Regarding the initial parameters, if the following TEMP CHECK moves to the AFRC stage we will provide our recommended initial parameters for community discussion. Regarding the ETA, because of external audits and other factors, it is not possible to provide a rough ETA. Once the code is finalized, we will request a review from @bgdlabs.

@gnrv & @sogipec thank you both for your insights!
We will take time to review the Transmuter along with the other feedback provided.


Chaos Labs fully supports the introduction of the GHO Stability Module. We believe that incorporating a stability module or similar mechanics is crucial to ensure the stability of decentralized stablecoins, especially considering the current state of the crypto markets. Drawing from the analysis of Maker PSM’s historical behavior, we must avoid the significant pitfalls that arose from excessive reliance on USDC.

Regarding the specific innovations proposed:

Price Strategies: We consider enabling dynamic strategies to be vital for addressing unforeseen events and providing effective mitigation. However, it is essential to define these strategies carefully. Initially, we recommend implementing a fixed price strategy, as suggested, since it can be deployed quickly and should suffice while the PSM is still relatively small.

Debt Ceiling: We view the debt ceiling as a potent tool for mitigating the adverse effects of over-reliance on centralized stablecoins. Building on the approach proposed by @sogipec, it is important to set the ceilings in a relative manner. However, we differ in our opinion on the approach itself. Instead of setting debt ceilings relative to each other, we believe they should be relative to the circulating supply of GHO. Furthermore, we advocate for the inclusion of a hard cap as originally proposed.

In the event of a depeg event, users can supply the depegged asset and mint GHO, similar to what occurred with DAI during the USDC depegging. With responsible debt ceiling settings and secondary market liquidity, withdrawing other stablecoins from the PSM becomes a secondary consideration for the protocol. The primary mitigation for such scenarios should be employing dynamic price strategies.
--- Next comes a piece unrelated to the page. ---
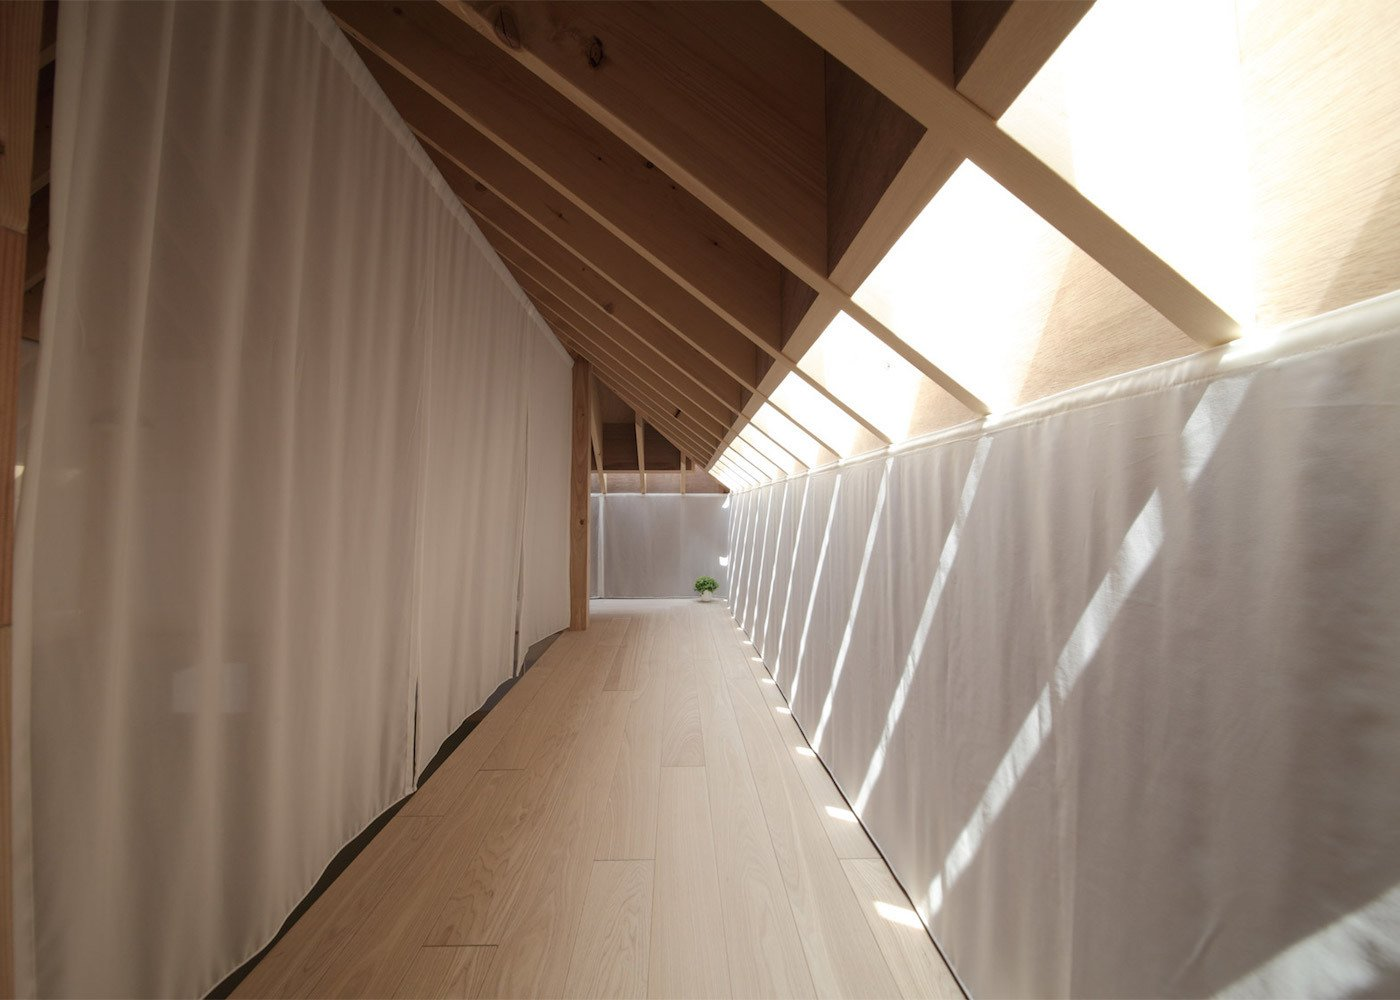 Photo 1 of 4 in Wengawa House by Katsutoshi Sasaki + Associates
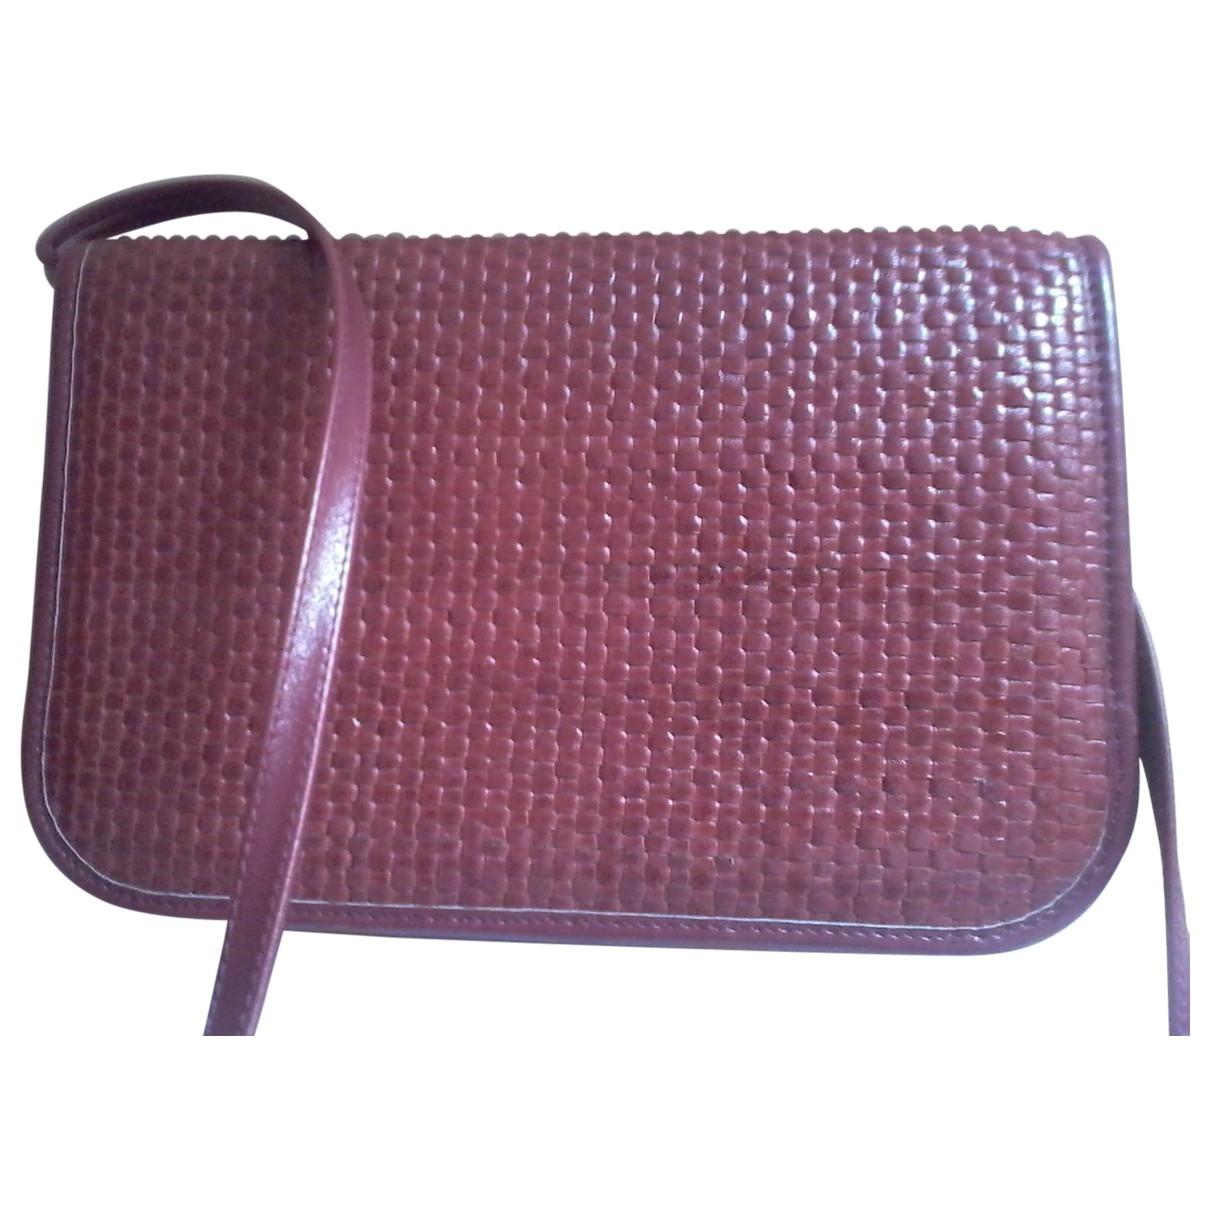 Bally \N Handtasche in  Bordeauxrot Leder

Daily Limits: In addition to the debt ceiling, we believe that imposing limits on the velocity of stablecoin influx is an effective risk mitigation measure. This was observed during the USDC depeg incident in the DAI PSM, where Maker DAO limited the daily amount of USDC that could be deposited into the PSM. Therefore, we recommend considering the implementation of such a mechanism for the GHO Stability Module that will limit the total amount of GHO that can be minted daily by the PSM.

Control over Last Resort Liquidations, Price Bounds, and Swap Freezes: We strongly advocate for the development of a contract that can control Price Bounds and Swap Freezes based on external asset prices. Such a contract would significantly improve response time during crisis situations. We emphasize the importance of the logic within the external contract and suggest further exploration and auditing before finalizing it. While we agree that swap freezes and price bounds should be governed by a smart contract, we believe that Last Resort Liquidations are better suited for explicit DAO votes, allowing decisions and mitigation to be made based on the specific circumstances at hand.

Thanks for your comment and reply.

I agree on the soundness of everything that is proposed here but with some caveats.

For the ceiling relative to each other rather than relative to the total supply, I think this approach makes less sense when there are going to be multiple facilitators to issue GHO.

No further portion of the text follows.